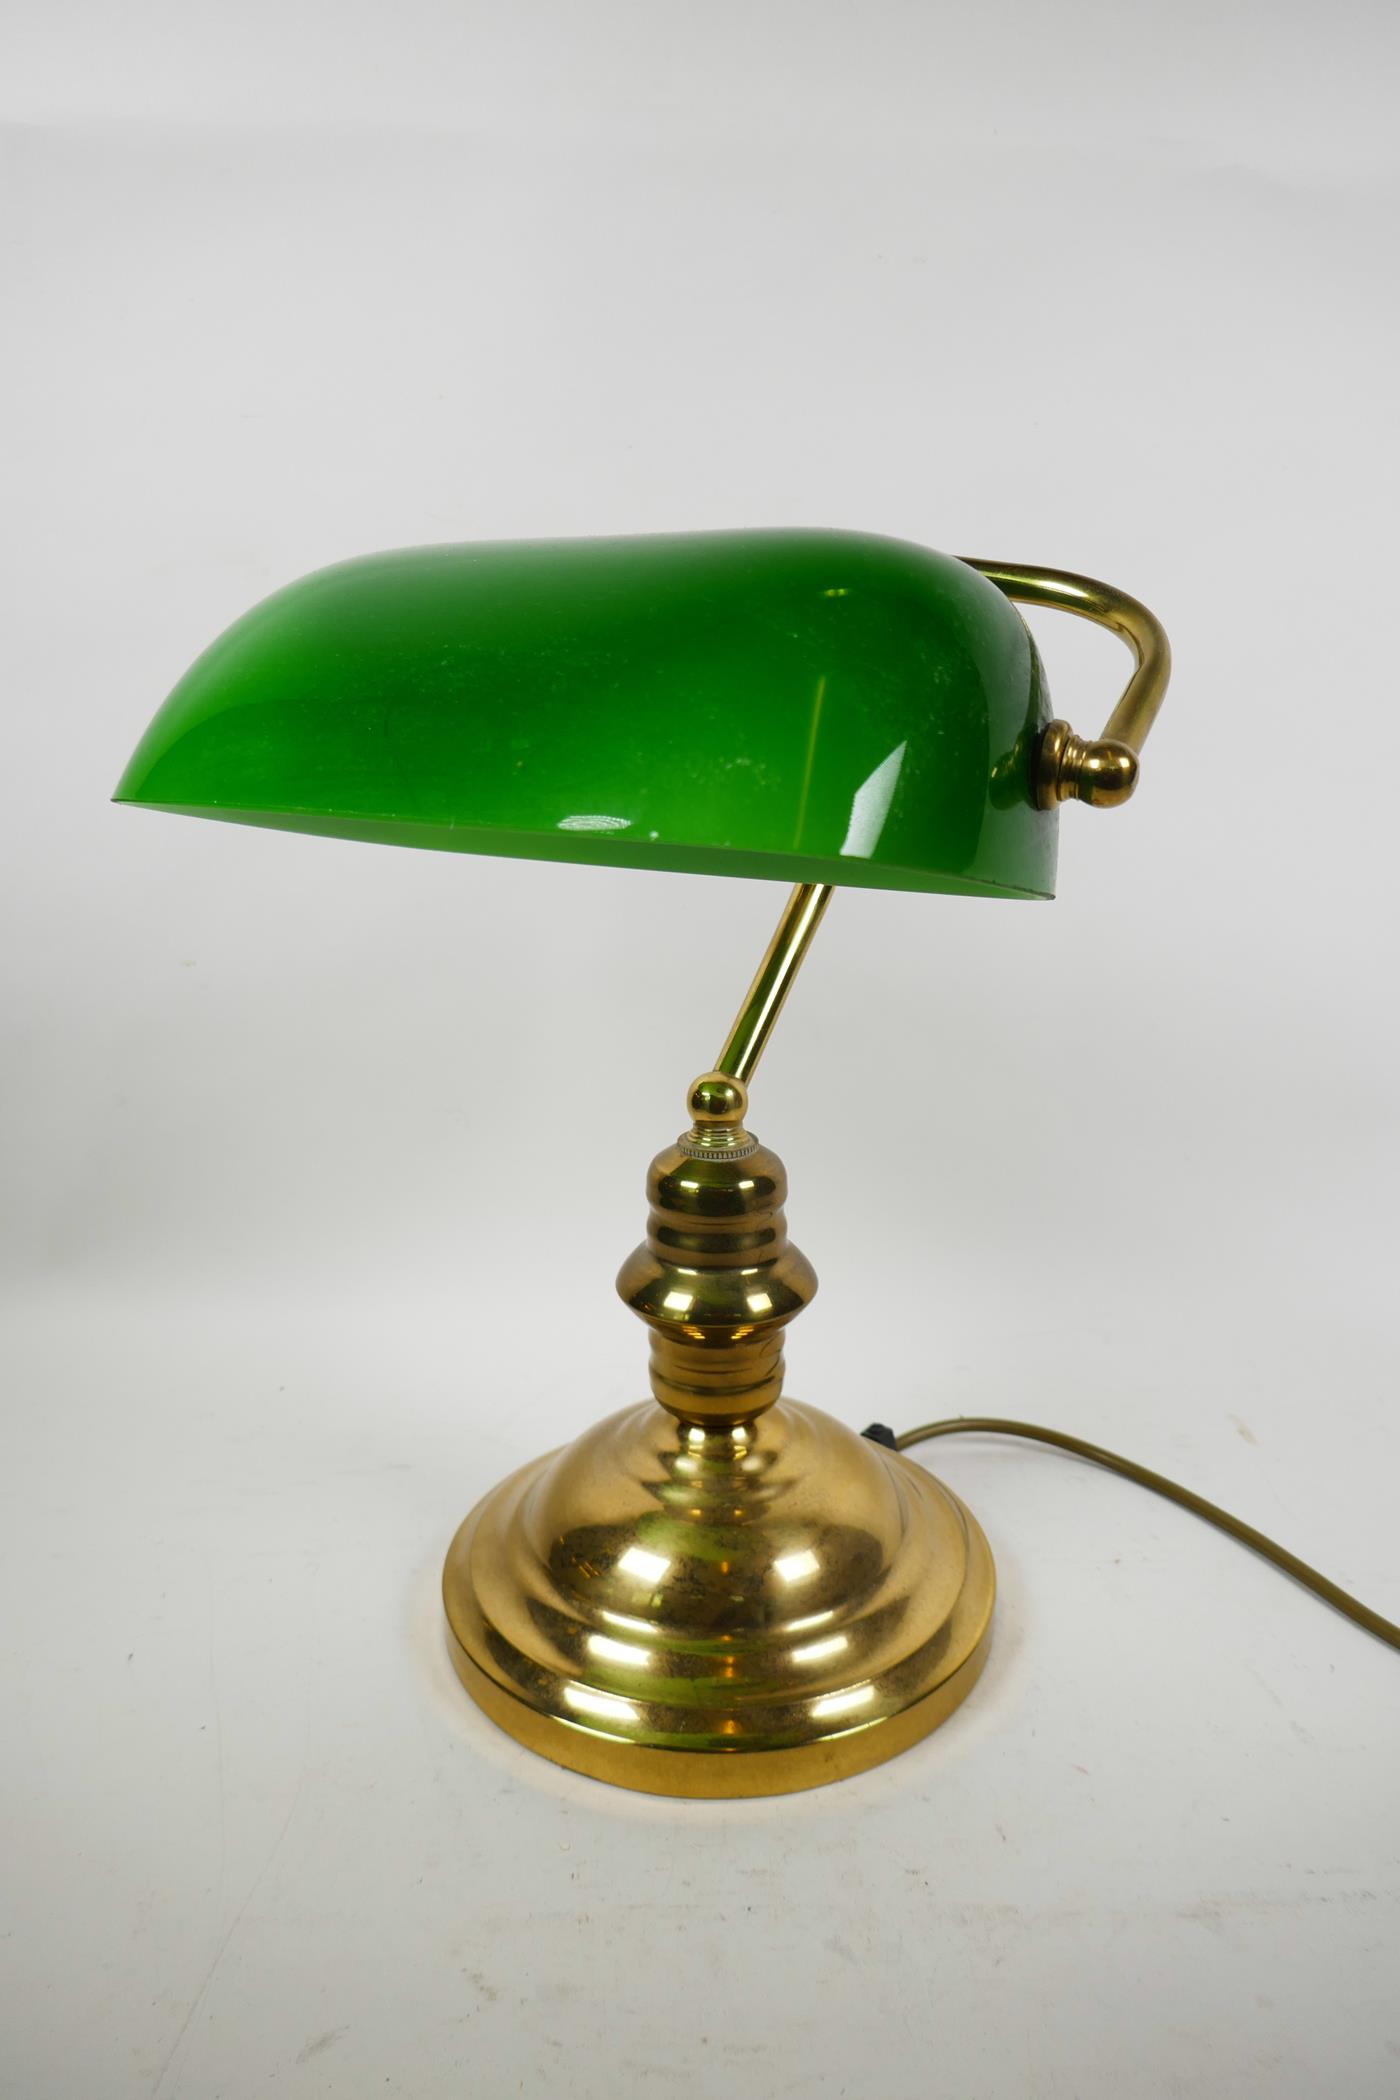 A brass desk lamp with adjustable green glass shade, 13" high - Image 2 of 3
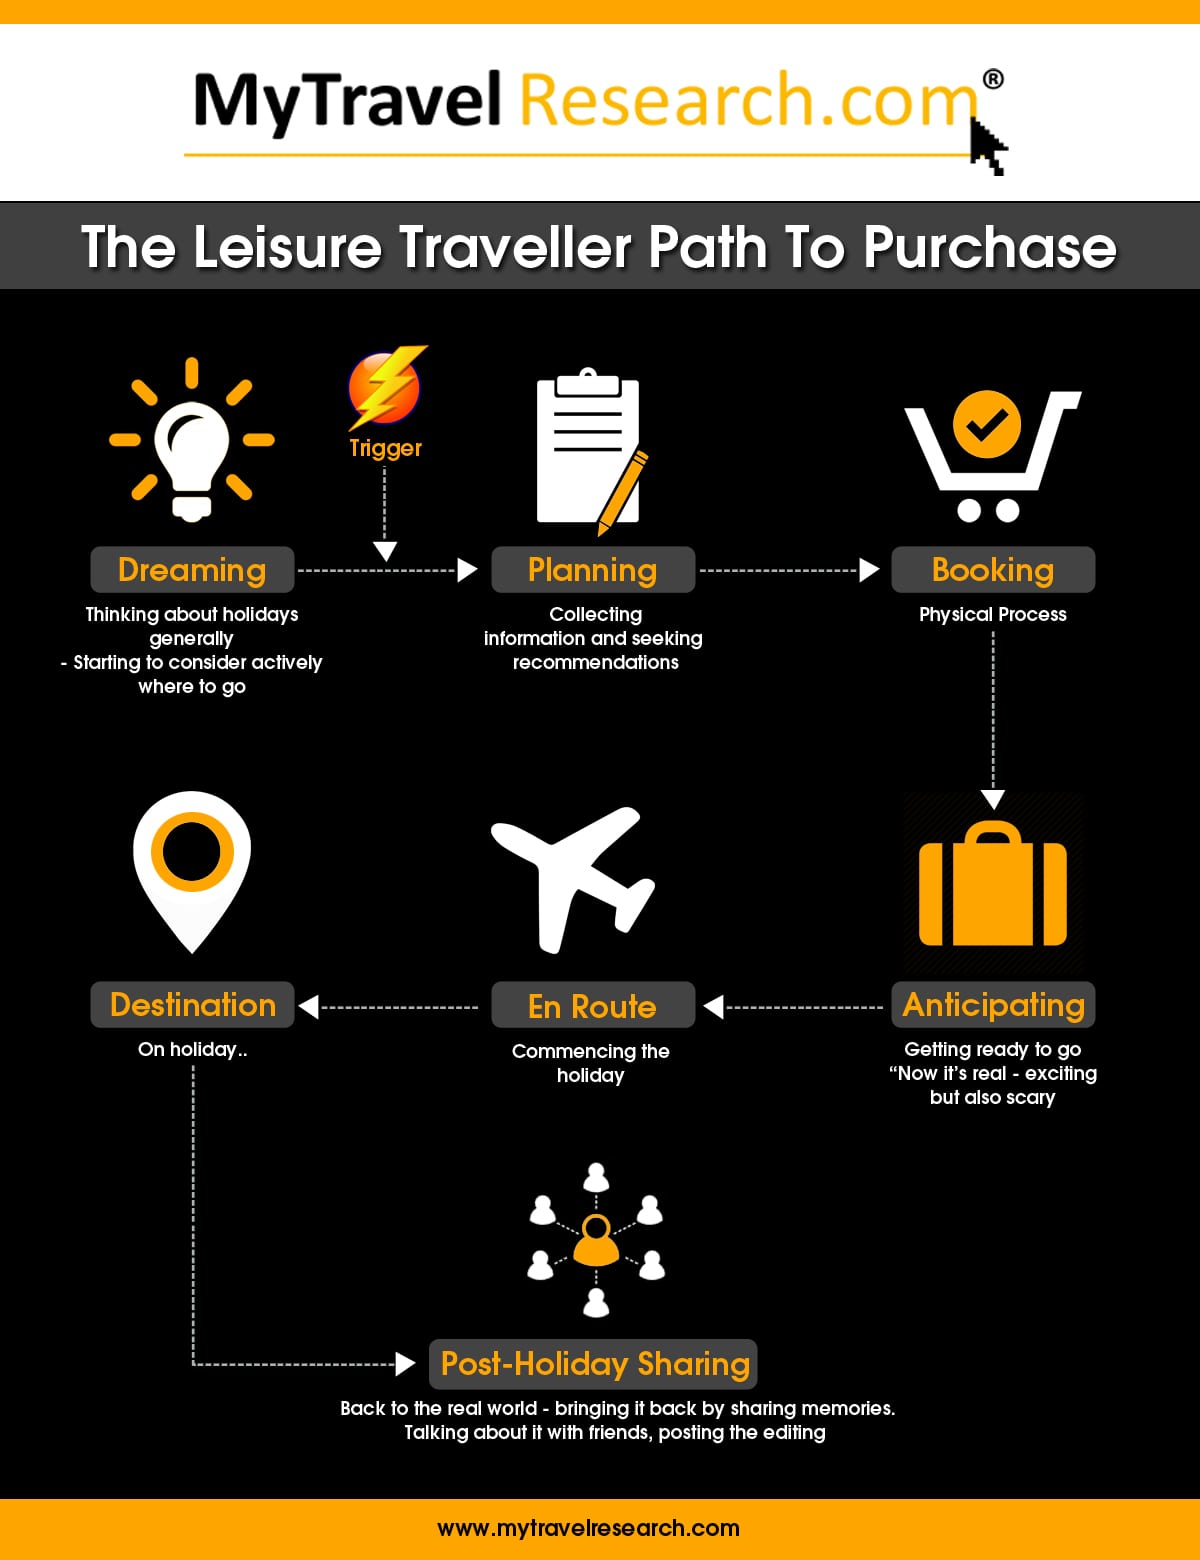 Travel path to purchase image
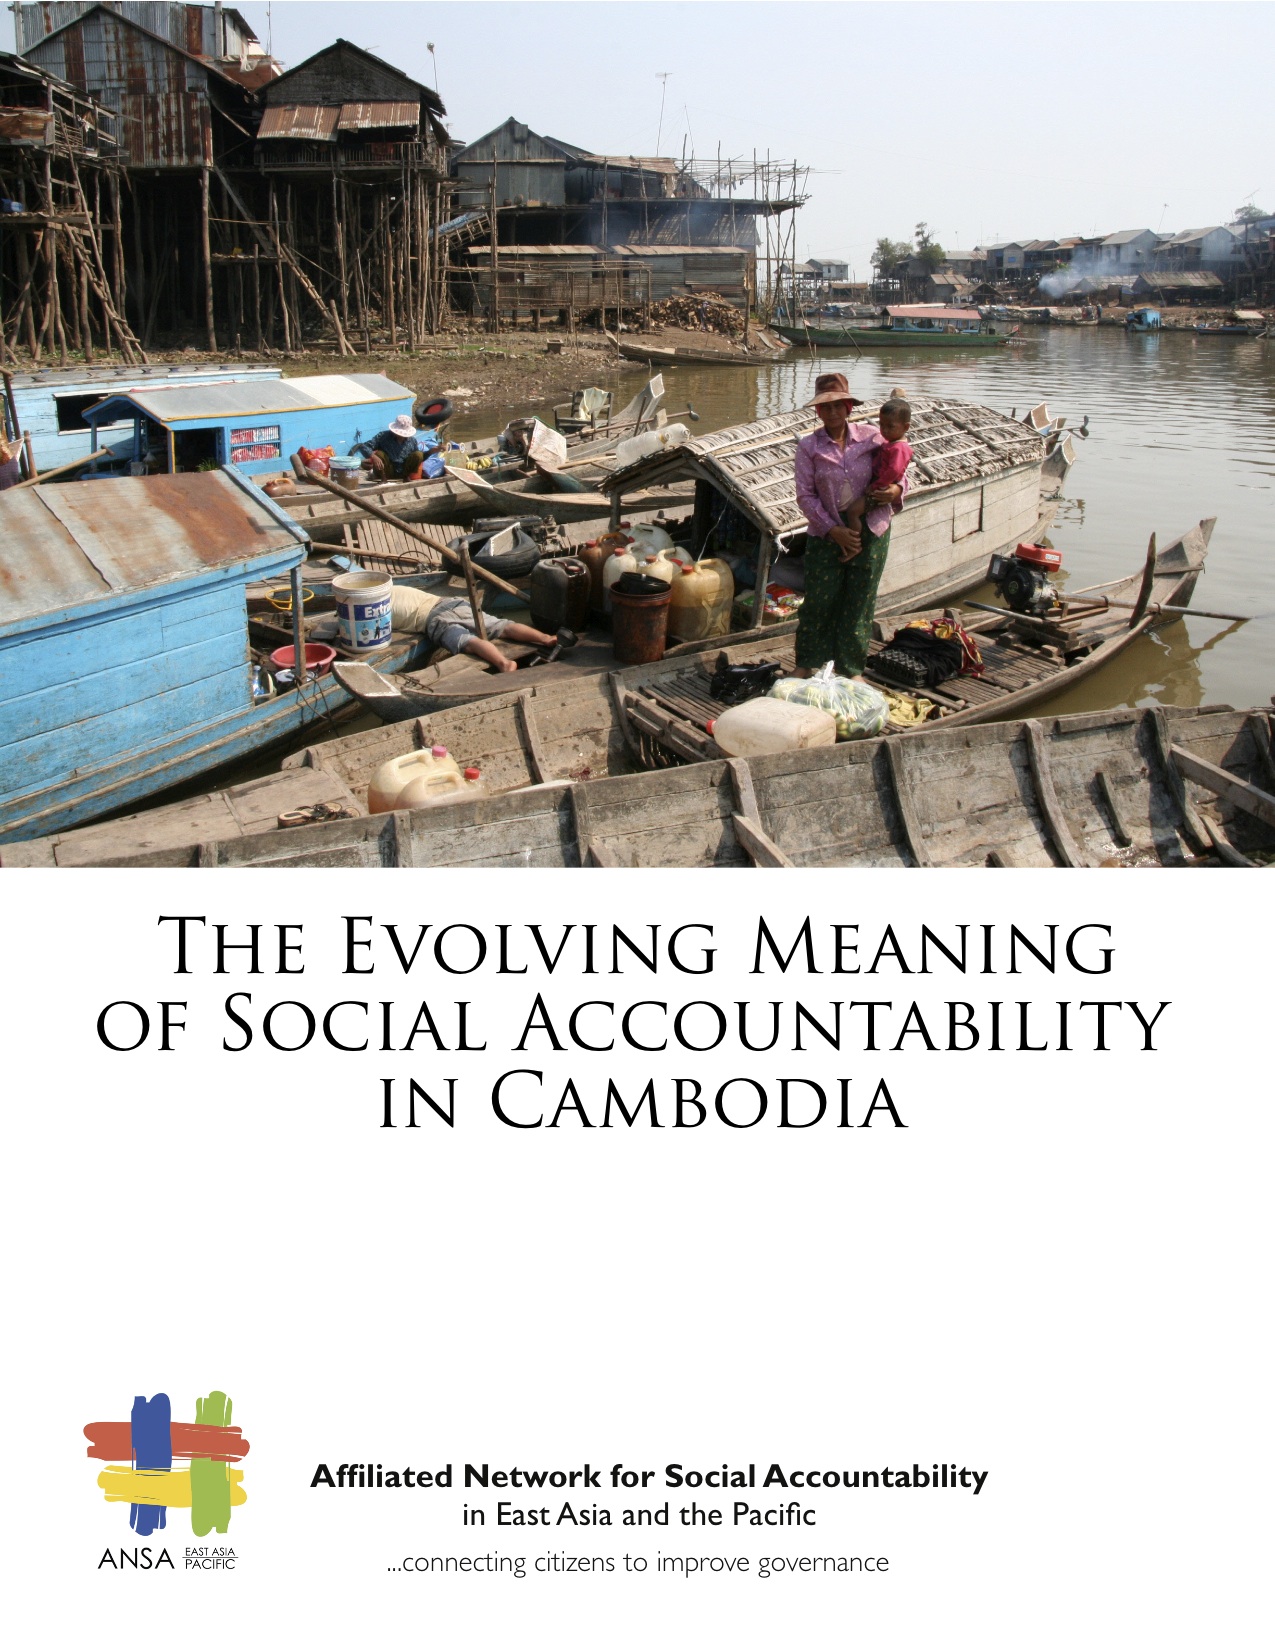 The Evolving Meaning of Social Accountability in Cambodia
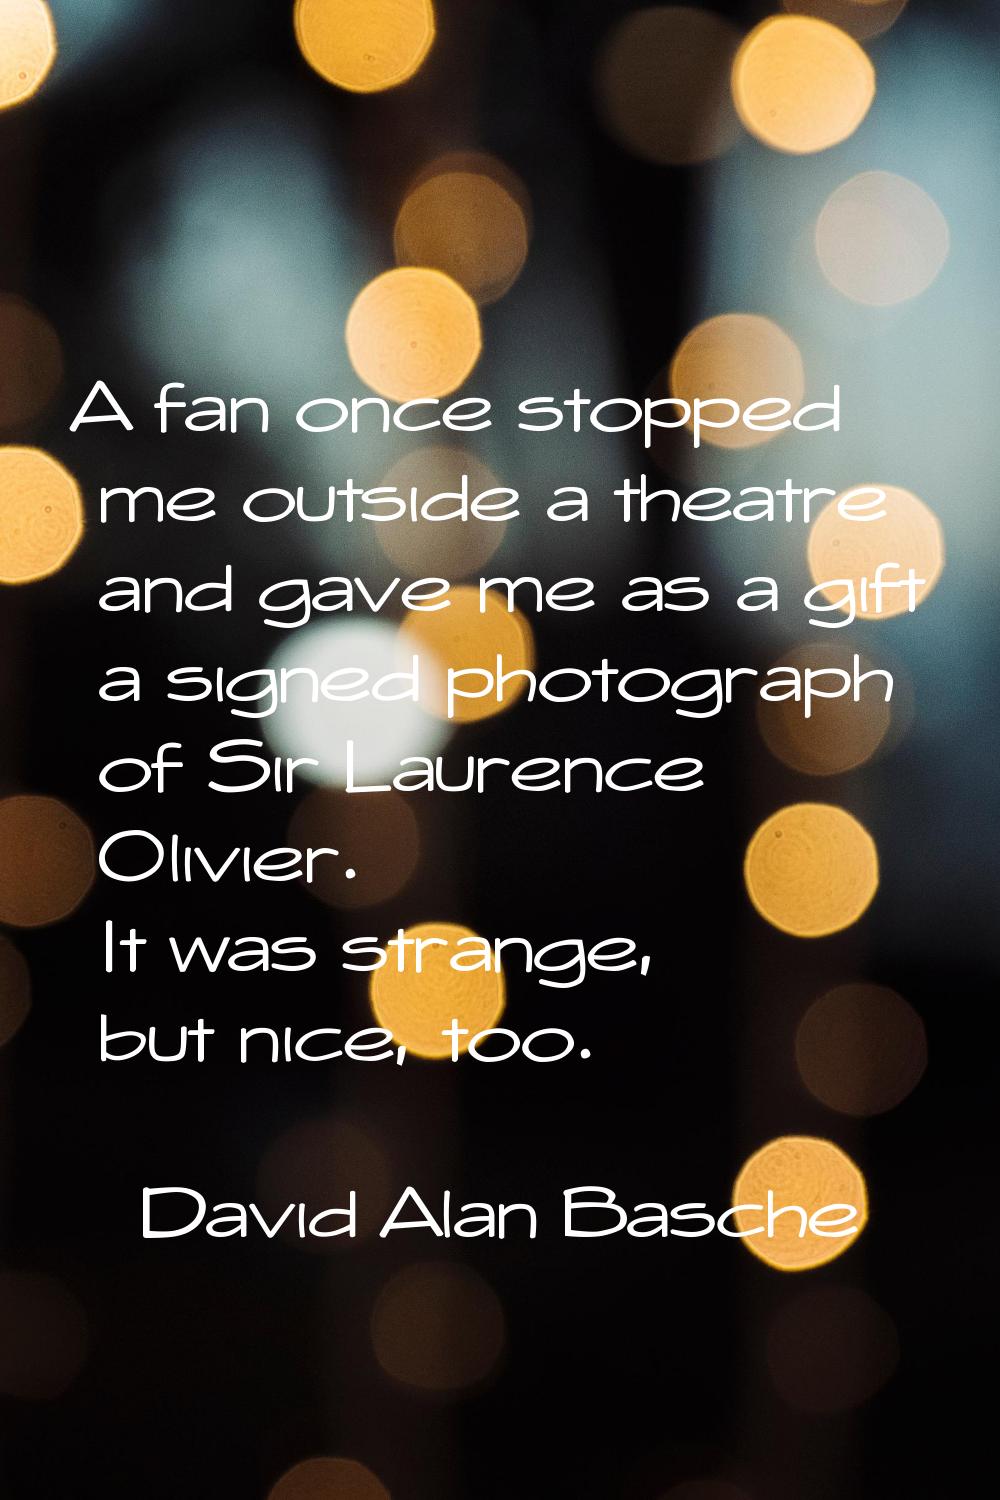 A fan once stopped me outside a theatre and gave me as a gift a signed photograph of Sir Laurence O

----

#### ACTIVITY
Please give back every line above exactly as it stands, without pictures.

#### TASK SOLUTION
 A brass desk lamp with adjustable green glass shade, 13" high - Image 2 of 3
 Travel path to purchase image
 The Evolving Meaning of Social Accountability in Cambodia
 A fan once stopped me outside a theatre and gave me as a gift a signed photograph of Sir Laurence O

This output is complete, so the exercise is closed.